21. Чувства - каприз.
Под ухом тикают часы, словно таймер бомбы. Шестерёнки запускают плёнку в голове, прежде чем я отрываю её от подушки.
Не-е-ет...
Неа. Этого не может быть, не может быть правдой. Не может!
Я почти читаю мантру в уме, открываю глаза, и шумный выдох вырывается из меня, оставляя громадную дыру в груди.
«Заткнись! Заткнись!» Реально хочу ударить себя в грудь, только бы сердце перестало так неистово колотиться. Всё правильно. Это правильно. Ничего не было, ничего не могло быть. Никогда. Он проснулся, подумал трезвой головой, и просто ушёл. Всё правильно. Боже, почему я так ненавижу эту мысль?
Пытаюсь сесть, но я запутана в одеяле, и не могу выбраться из этого жаркого кокона. Крутясь, я натыкаюсь локтем на преграду. Резко переворачиваюсь. Замираю, и сердце падет в ад. Он прямо напротив меня. Глаза закрыты, рука закинута на меня. На нём нет рубашки, он в одних джинсах. Я пытаюсь отодвинуться, насколько это вообще возможно в моём положении личинки шелкопряда, но Раф лишь прижимает меня к себе. И сдерживает улыбку. Он не спит! Я начинаю ожесточённый поединок с одеялом, обвитым вокруг меня, и параллельно пытаюсь отбиться от загребущих рук. В итоге мы оба падаем на пол, и я просто не могу не рассмеяться.
Раф вскакивает на ноги, искоса поглядывая на меня озорным взглядом. А мне вот смеяться перехотелось.
Да блин...
Нет, я догадывалась, конечно, что у этого парня тело Адониса...
Хотя, может, и нет, но по мне он был совершенным. Раф не отвечал всем этим общепринятым эталонам красоты: он не был накаченным, его кожа не была смуглой, просто он был высоким, широкоплечим, его фигура была статной, симметричной... идеальной. Я чисто эстетически, как художник, не могла отвести от него взгляд. На левой лопатке, красовались тонко вытатуированные строки — три строки, словно стихи, но мне не прочесть с такого расстояния.
В утреннем зареве смоль подвитых волос переливается брильянтовым блеском, мышцы перекатываются, играя под кожей, пока он невозмутимо, хозяйничает на моей кухне. И я, естественно, понимаю, что мне не стоит думать о нём в таком ключе и пожирать его глазами, но чёрт, так хочется.
Всё заполонил божественный запах кофе, я только сейчас заметила этот животворящий аромат, слишком поглощённая созерцанием некоторых неприлично красивых и не совсем одетых. Некоторые то и дело поглядывают в направлении окна, прежде чем спросить:
— Что это за люди в чёрном, около подъезда?

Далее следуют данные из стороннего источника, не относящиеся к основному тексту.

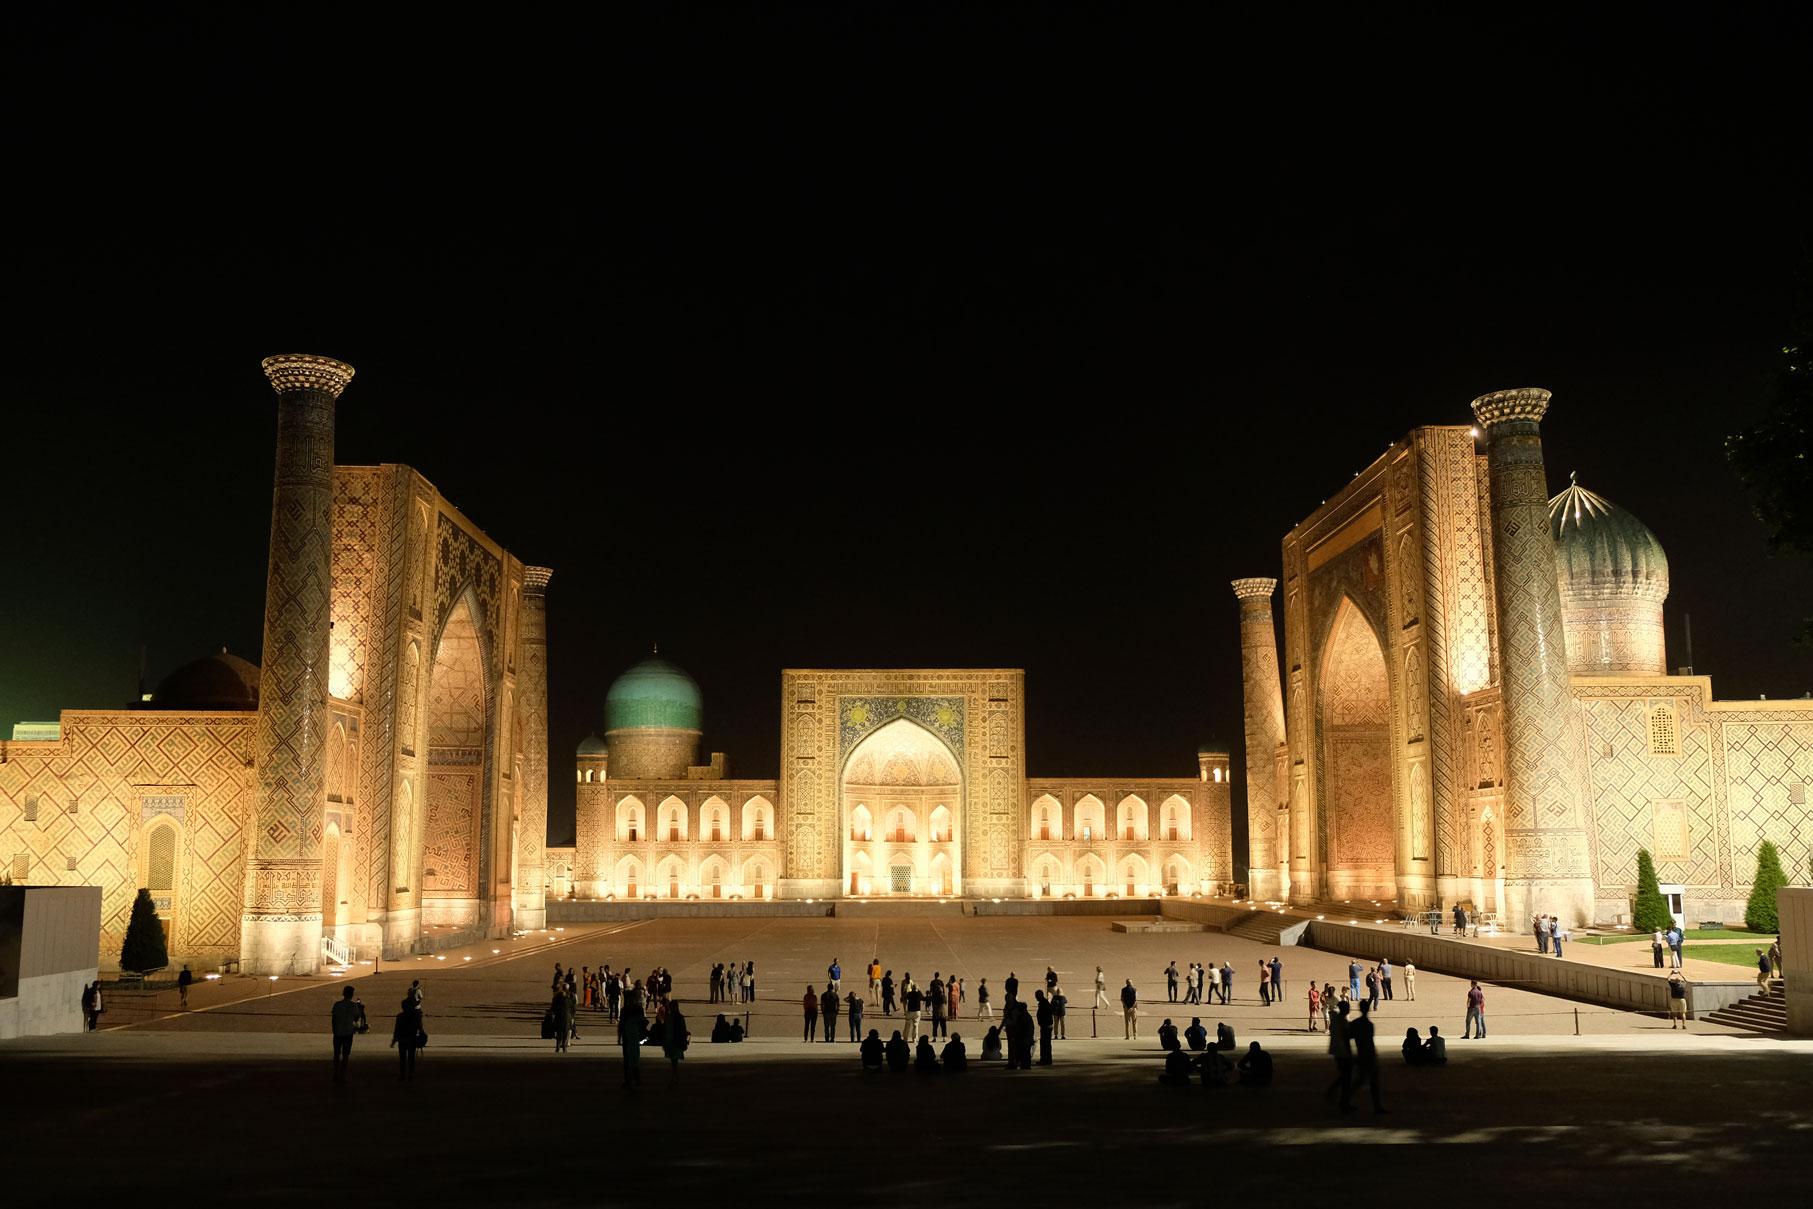 Am Ankunftsabend schlendern wir durch Samarkand und sind überweltingt von der Haupt-Sehenswürdigkeit der Stadt: Dem Registan

Вот дерьмо! Из меня вырывается стон, и я подскакиваю как ужаленная. Этот грёбаный парень спутал все мои мысли. Я хватаю часы с дивана — его, наручные. Полдесятого! Боже, время, время — его так много! Его так мало!
Хватаю одежду из шкафа — наплевать, что, и бегу в ванную. То, что Инна ещё не взорвала мой телефон звонками, это что-то удивительное, конечно. Но затишье не продлится долго.
Жмурясь от резкого света в ванне, я практически на ощупь открываю кран. Привыкнув к свету, нахожу взглядом парня в проёме двери.
Тысячи сомнений впиваются в меня колючими шипами. Острее чем шипы отборных роз.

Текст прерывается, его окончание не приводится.